» **What this task involves**
Take the lines below from the one with "Tower of Brihuega" through the one with "FXBreakOut platziert aufgrund" and retype them exactly. Include nothing else, and no pictures.

» **Material to process**
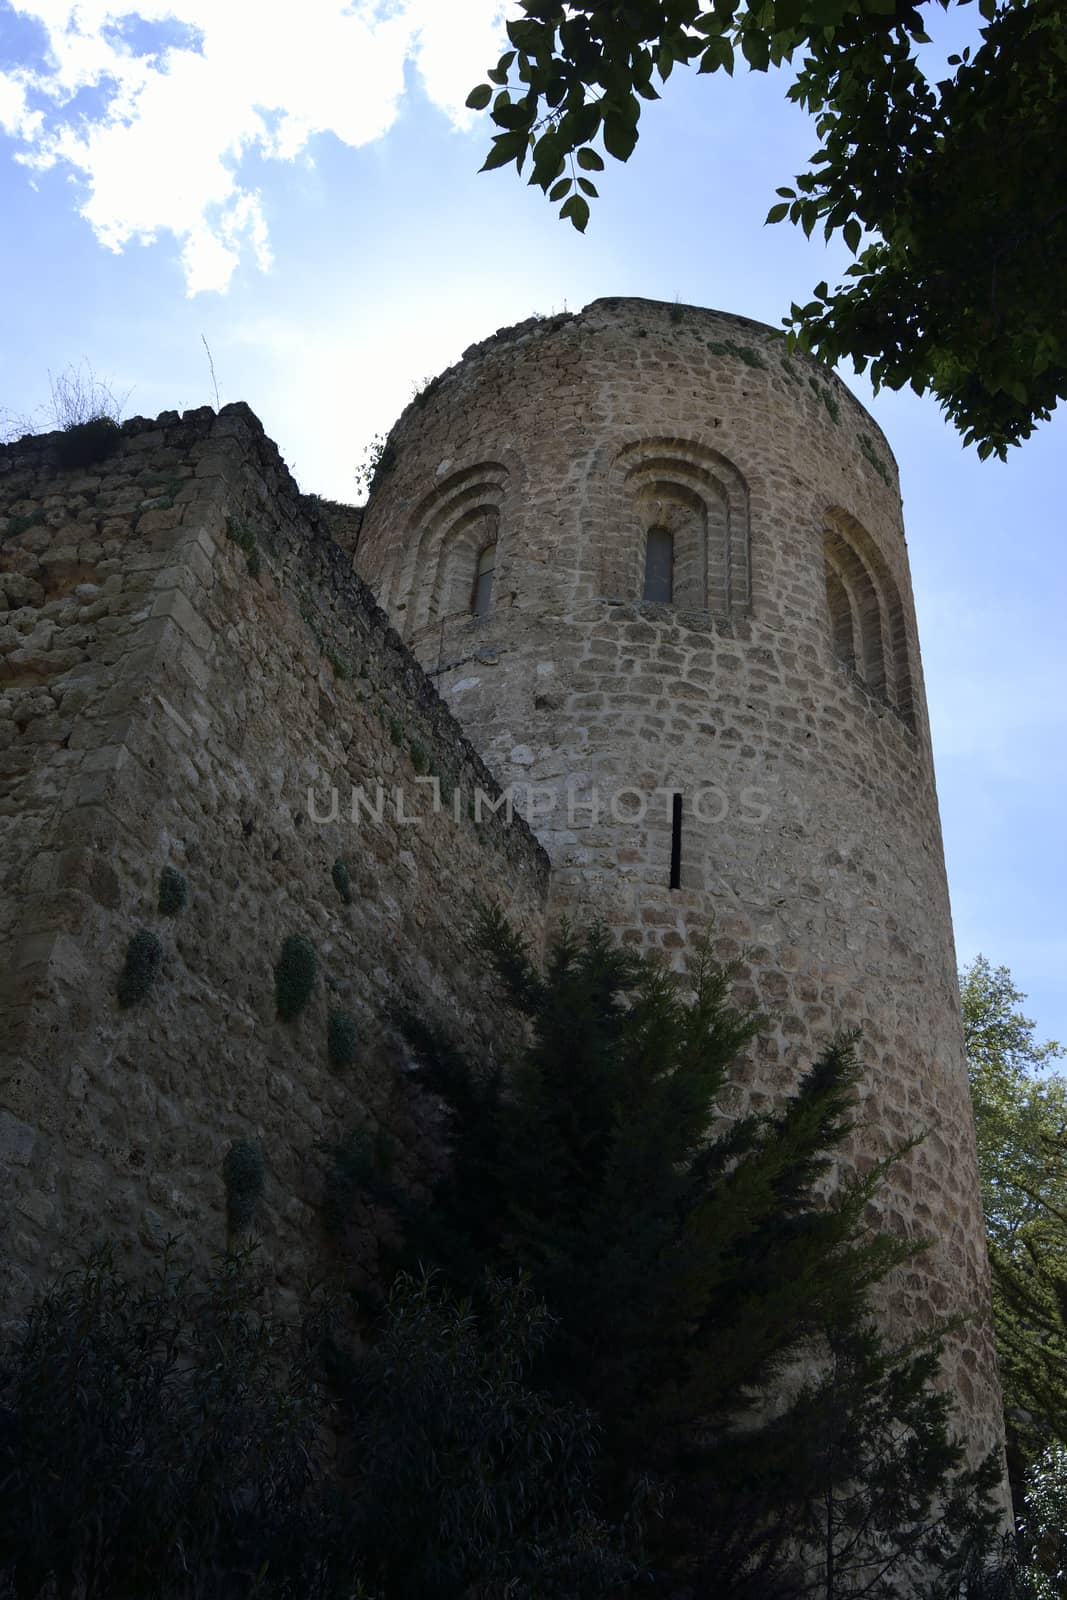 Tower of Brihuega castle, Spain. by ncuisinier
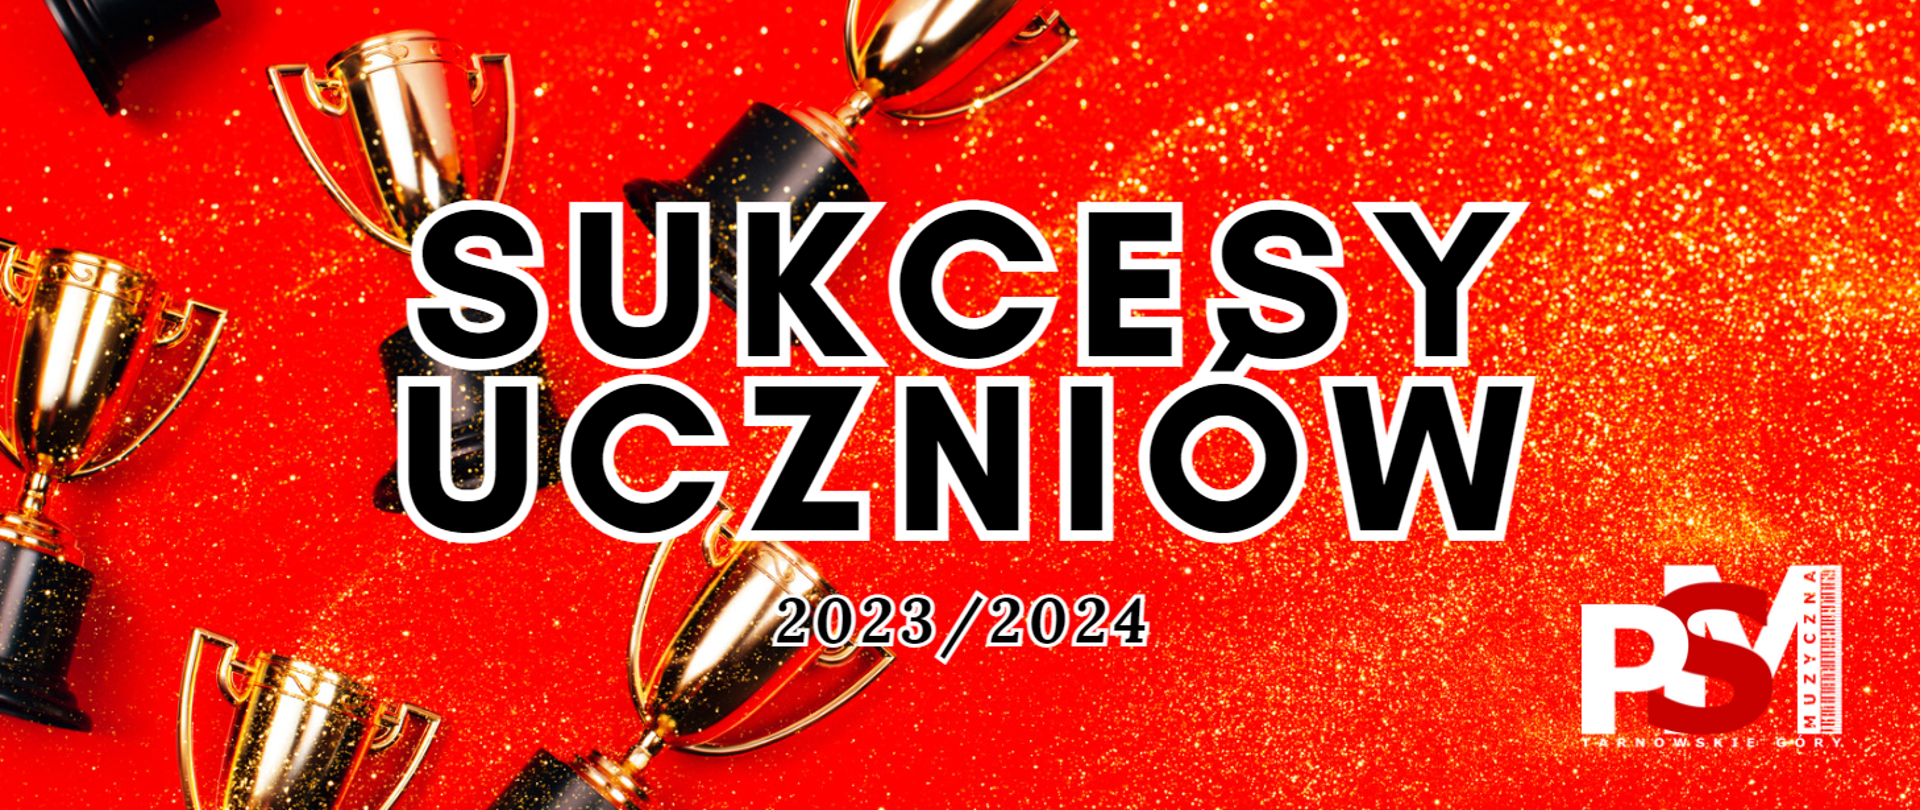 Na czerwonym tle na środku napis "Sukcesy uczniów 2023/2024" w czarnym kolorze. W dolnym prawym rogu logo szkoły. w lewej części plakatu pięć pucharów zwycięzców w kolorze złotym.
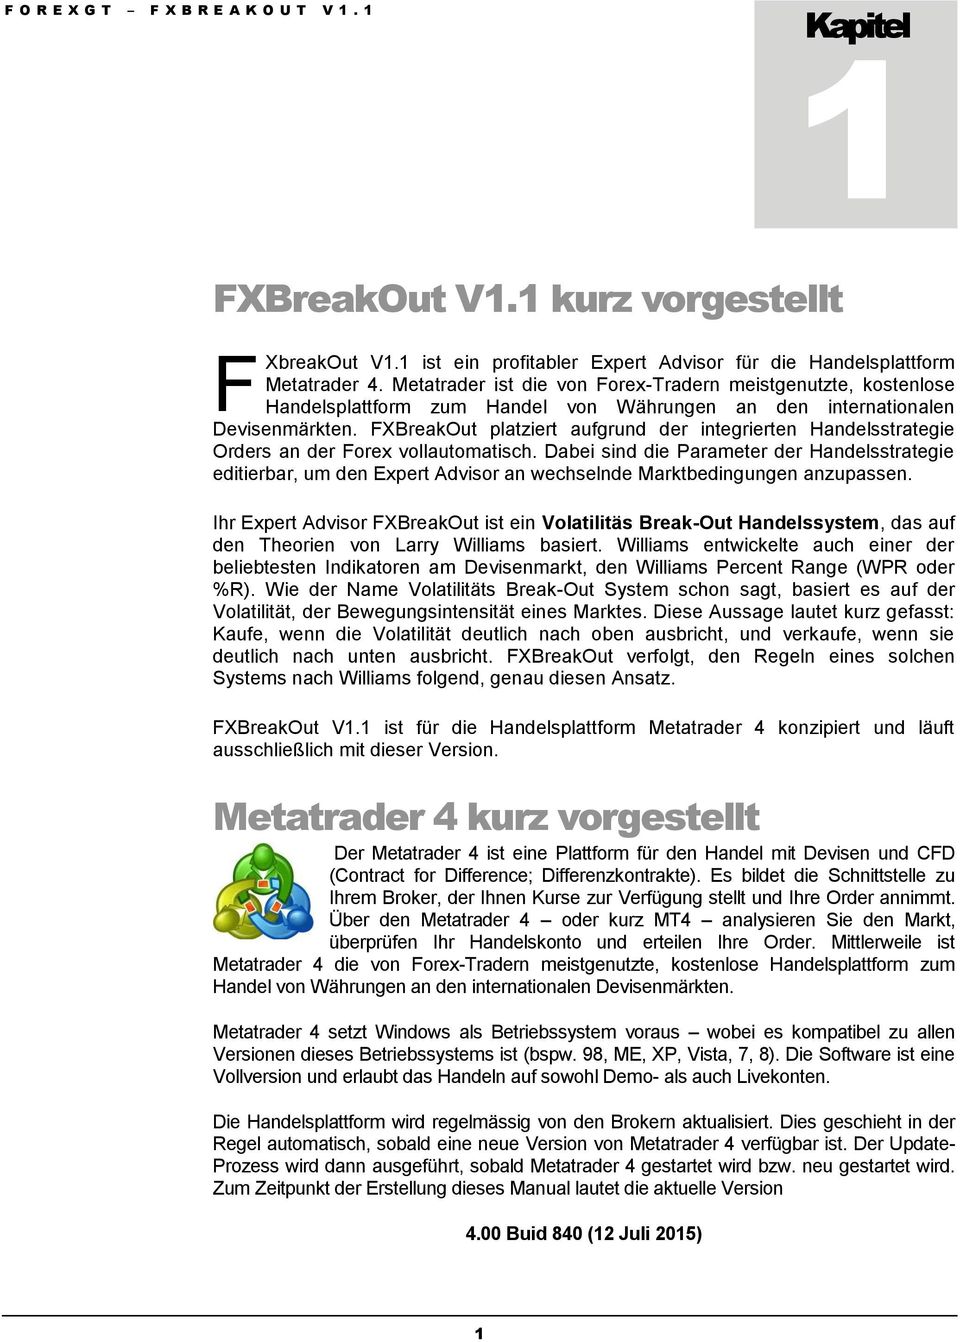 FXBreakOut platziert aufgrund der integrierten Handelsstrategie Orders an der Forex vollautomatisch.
* * *
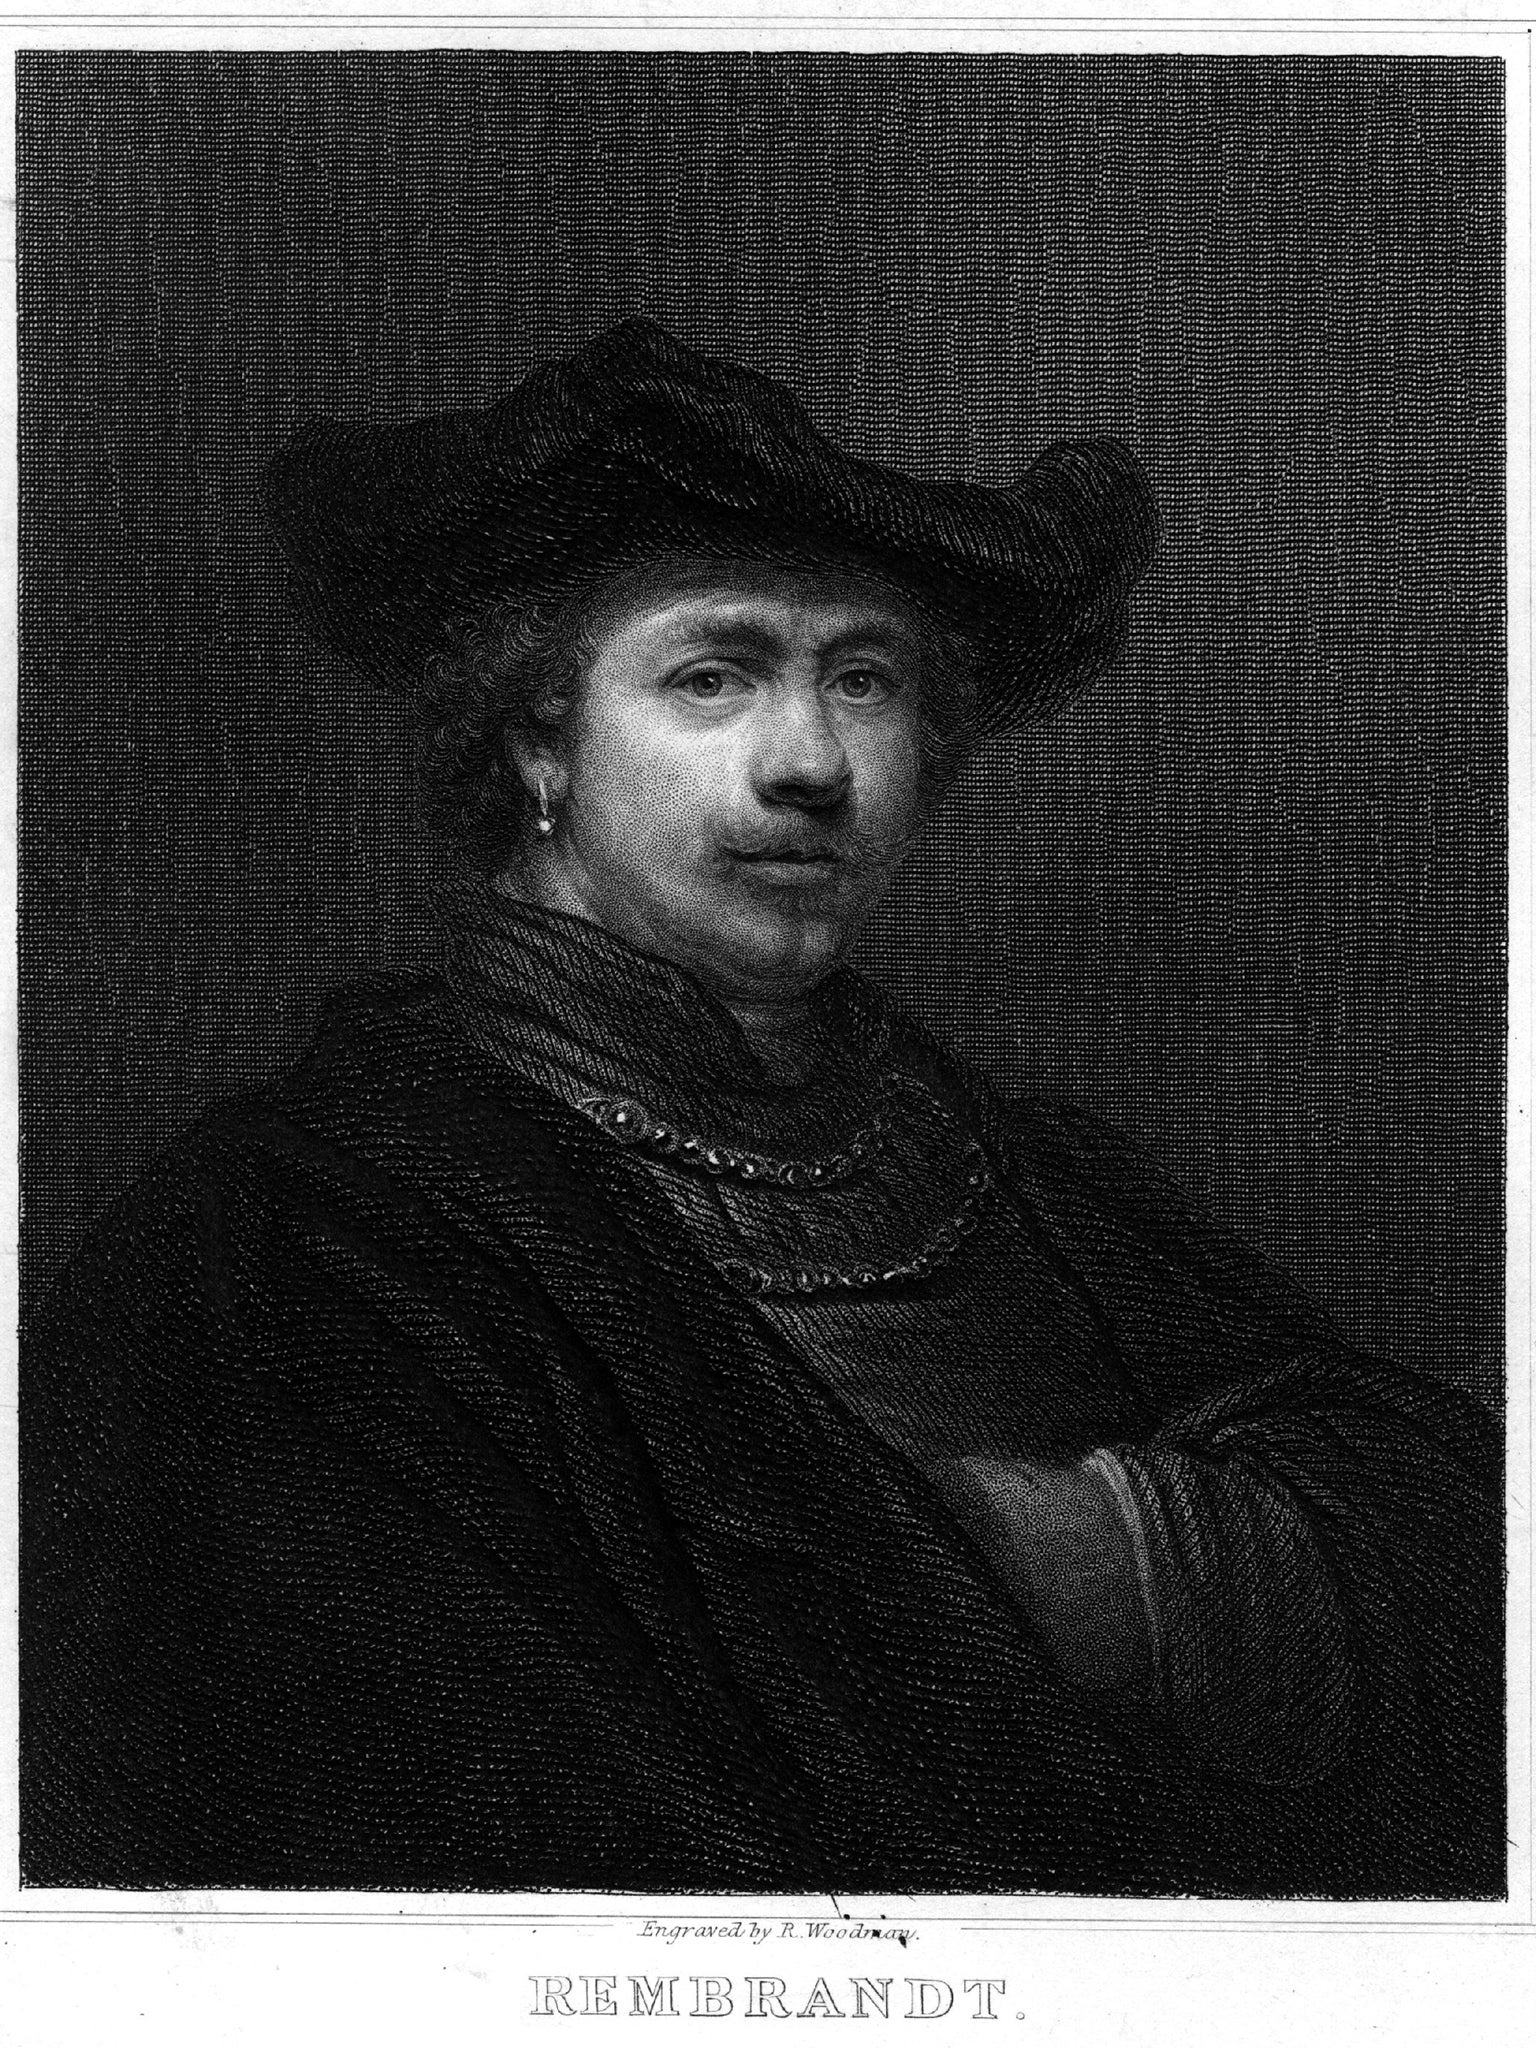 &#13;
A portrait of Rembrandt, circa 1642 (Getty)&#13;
* * *
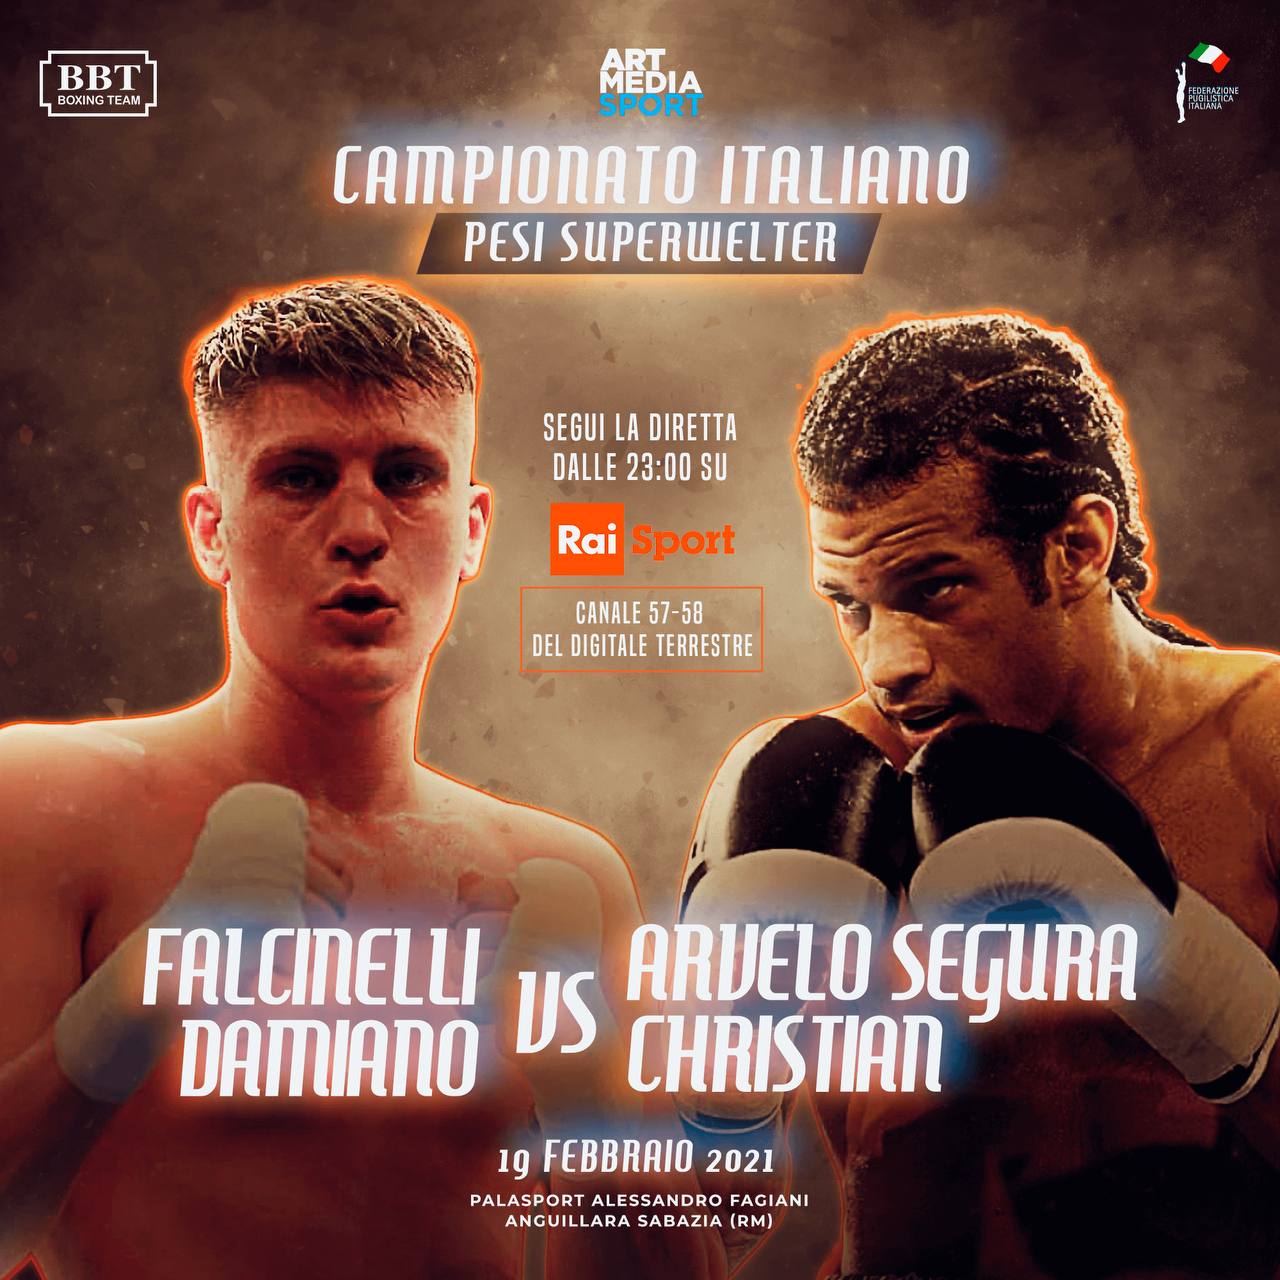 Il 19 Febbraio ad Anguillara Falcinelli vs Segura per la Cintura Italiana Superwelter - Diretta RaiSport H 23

» **Answer to this problem**
 Tower of Brihuega castle, Spain. by ncuisinier
 Na czerwonym tle na środku napis "Sukcesy uczniów 2023/2024" w czarnym kolorze. W dolnym prawym rogu logo szkoły. w lewej części plakatu pięć pucharów zwycięzców w kolorze złotym.
 FXBreakOut platziert aufgrund der integrierten Handelsstrategie Orders an der Forex vollautomatisch.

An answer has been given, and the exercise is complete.